Bundan sonra Batı Trakya'nın birçok bölgesinde faaliyete geçildi; istasyonlar, kışlalar ve stratejik önemi olan birçok yer tahrip edildi. Bulgaristan Çiftçi partisi Hükümeti, Anadolu'da M. Kemal Paşa'nın yönetiminde kurulmuş olan T.B.M.M. Hütümeti ile ilişkiler kurmak için büyük çaba harcamaktaydı. Türkiye ile Yunanistan arasındaki savaş sırasında Bulgar Çiftçi Hükümeti, daima Türklerin yanını tutmuş ve onları desketlemişti.

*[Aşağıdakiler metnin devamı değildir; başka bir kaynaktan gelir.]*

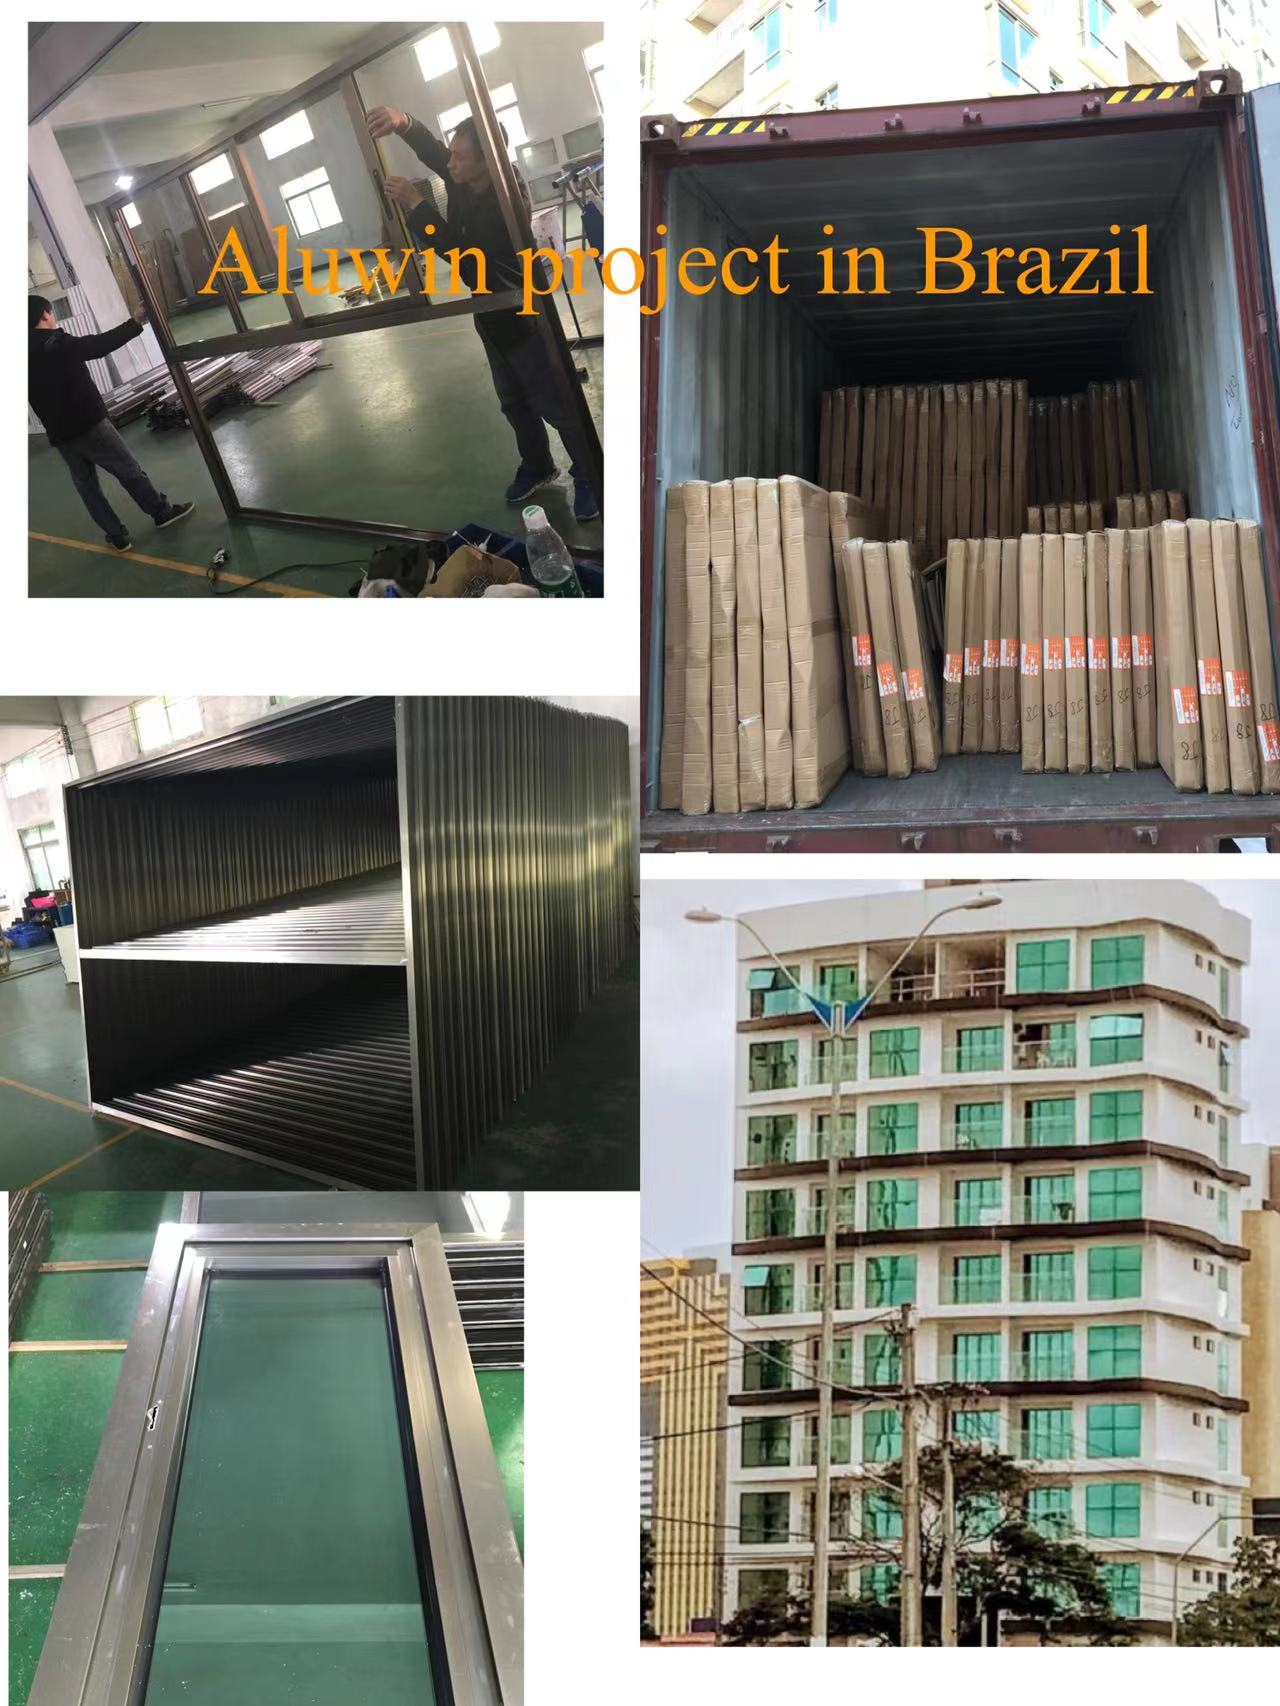 Brazil project in 2016

Stanboliyski, Bulgaristan'ın yenilmiş olmasına rağmen, ülkesinin müttefikler tarafından Kemalist ihtilalcilere karşı bir üs olarak kullanılmasına izin vermemişti. M. Kemal, 20 Nisan 1920'de Bulgaristan Başbakanı Stamboliyski'ye de bir mektup yazmıştı. Ankara hükümetinin içinde bulunduğu güçlükler, savaş durumu ve Bulgar diplomatlarının dış ülkelerdeki kısıtlanmış faaliyetleri dolayısıyla bu mektup Bulgaristan Dışişleri Bakanlığı'na ancak 11 Ağustos 1920 tarihinde gelebildi. M. Kemal, bu mektubunda Osmanlı Parlamentosu'nun İstanbul'da toplantıda bulunduğu sırada, 16 Mart 1920'de İngilizlerin tecavüzüne uğradığını ve birçok milletvekilinin tutuklanarak sürüldüğünü, bunun üzerine T.B.M.M.'nin Anadolu'da toplandığını ve bu meclisin ülkesinin bugünkü ve gelecekteki durumunu belirleme yetkisini ele aldığını belirterek Stanboliyski'ye şunları yazmaktaydı:
"... Barış anlaşmasının hükümlerine tamamen aykırı olarak yapılan bu tecavüzün Büyük Millet Meclisi üyeleri tarafından şiddetle protesto edildiğini bildirmekle şeref duyarım. Bu durum Osmanlı milletinin barış konferansında alınan sonuçları tasvip etmediğini bir kere daha göstermiştir. Bütün ileri milletlerce kutsal bir yer olarak tanınan parlamento oturum sırasında tecavüze uğramıştır. Milletin temsilcileri, bütün parlamentonun şiddetli protestolarına rağmen İngiliz polisi tarafından suçlandılar. Senatörler, milletvekilleri, generaller ve yazarlar evlerinden alınarak kelepçelenip sürgüne yollandılar. Resmi ve özel daireler sadece daha kuvvetli olmanın üstünlüğüne dayanarak silah zoru ile işgal edildi. Bu saldırı ve bağımsızlığa karşı yapılmış olan bu tecavüz karşısında Osmanlı milletinin Ankara'da toplanan temsilcileri aralarından bir icra konseyi seçerek milletin yönetimini bunların eline verdi.... Büyük Millet Meclisi tarafından onaylanmış olan milletin arzularını size ulaştırmaktan şeref duymaktayım: 1- İşgal altındaki İstanbul'dan yayınlanmış olan kanun ve fetvaların hiçbir değeri olmadığı gibi bunlar milletçe de hiçbir şekilde tasvip görmemektedir; 2- Osmanlı milleti vatanının savunması ve bağımsızlığı ve adil, şerefli bir barışın sağlanması için kararlı ve inanç içindedir. Millet, kendi adına bütün sorumluluğu almak ve gereğini yapma hakkını temsilcilerine vermiş bulunmaktadır; 3- Memlekette bulunan Hıristiyanlarla yabancıların memleketin savunması bakımından bir endişe içinde bulunmalarının gereği yoktur".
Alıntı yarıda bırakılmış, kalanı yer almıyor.